Alguien m puede recomendar un libro, una pagina o un metodo en programación para el manejo del puerto USB, tal cual como se maneja el paralelo o el serial.
Gracias


----------



## ByAxel (Jul 20, 2010)

El control de este puerto no es tan sencillo pero vale la pena;
en el foro ya hay este tema en discusión.
https://www.forosdeelectronica.com/f24/control-dispositivos-traves-modulo-usb-pic18f2550-17458/


----------



## bloodsudaca (Jul 20, 2010)

y necesariamente se tiene que hacer con PIC?
no existe un conversor directo a paralelo o algo así?


----------



## ByAxel (Jul 20, 2010)

En el mercado si los hay ya echos, pero hacer uno en cierto modo no conviene ya que te cuesta más caro que comprar solo el adaptador.

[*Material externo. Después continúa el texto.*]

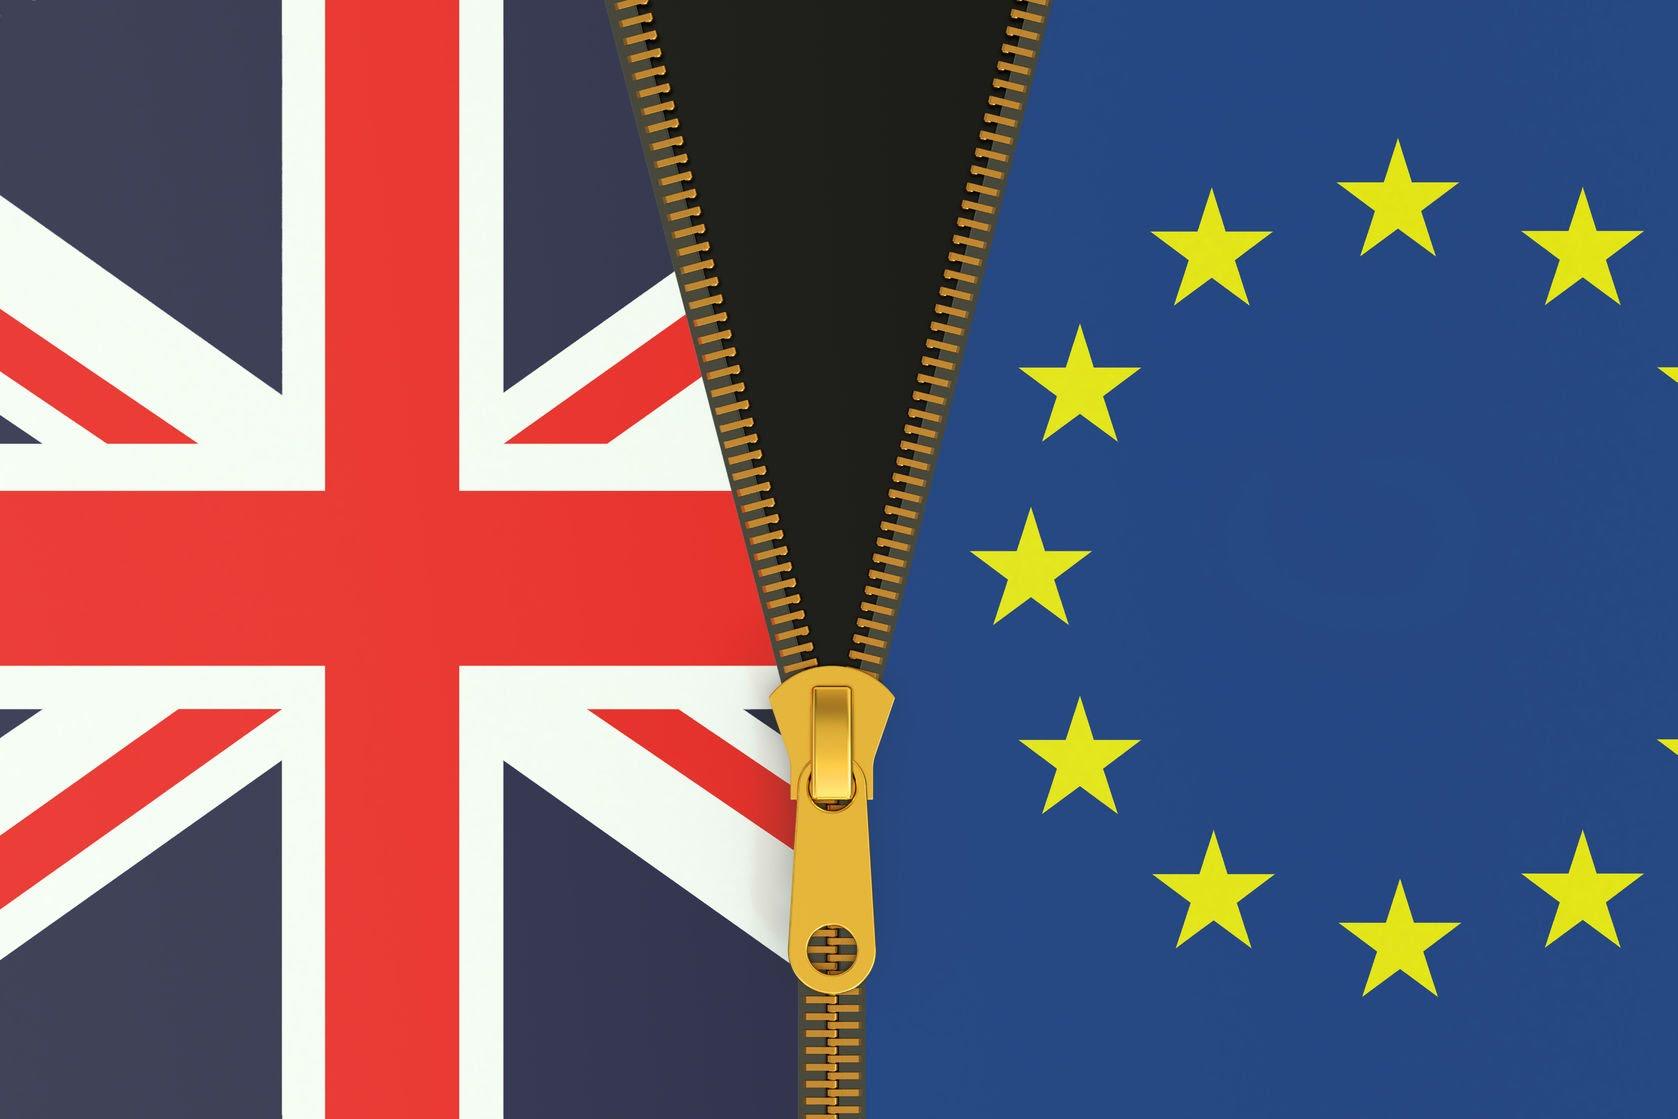 europai unio kivalas

También, no es necesario hacerlo con un PIC, ya que si hay chips (como el FT232BM) o micro-controladores que integren un módulo USB, se puede hacer.


----------



## bloodsudaca (Jul 20, 2010)

pues es que realicé un proyecto con paralelo y lo quiero pasar a USB, cual será la mejor manera sin tener que modificar demasiado el codigo que tengo en c #


----------



## Moyano Jonathan (Jul 22, 2010)

Y lo que pasa es que quieras o no el código para el control del puerto USB no es para nada similar al control por el puerto paralelo ....ya que en el segundo la transferencia de datos se hace de forma directa con el hardware...en cambio en el puerto USB hay que comunicarse con el handler o manejador del dispositivo para que este este atento a paquetes de datos que provengan del dispositivo asi como tambien a los paquetes de datos que salen ...etc. La forma más facil de comunicarte con un dispositivo por USB que no sea por el adaptador es el chip FT232 o similares o un microcontrolador.
Saludos !!


----------



## Meta (Jul 22, 2010)

Acaba de publicar el manual sobre le puerto paralelo LPT con Visual Studio Express que puedes ver aquí. Moyano poco a poco lo está haciendo en PDF con el USB, le queda genial. Paso a paso se consigue, he hecho el puerto serie y paralelo. mientras él lo hace en USB, todavía me centro en Linux que mucha gente lo quieren para sus proyectos.

Ver visor.

Saludo.


----------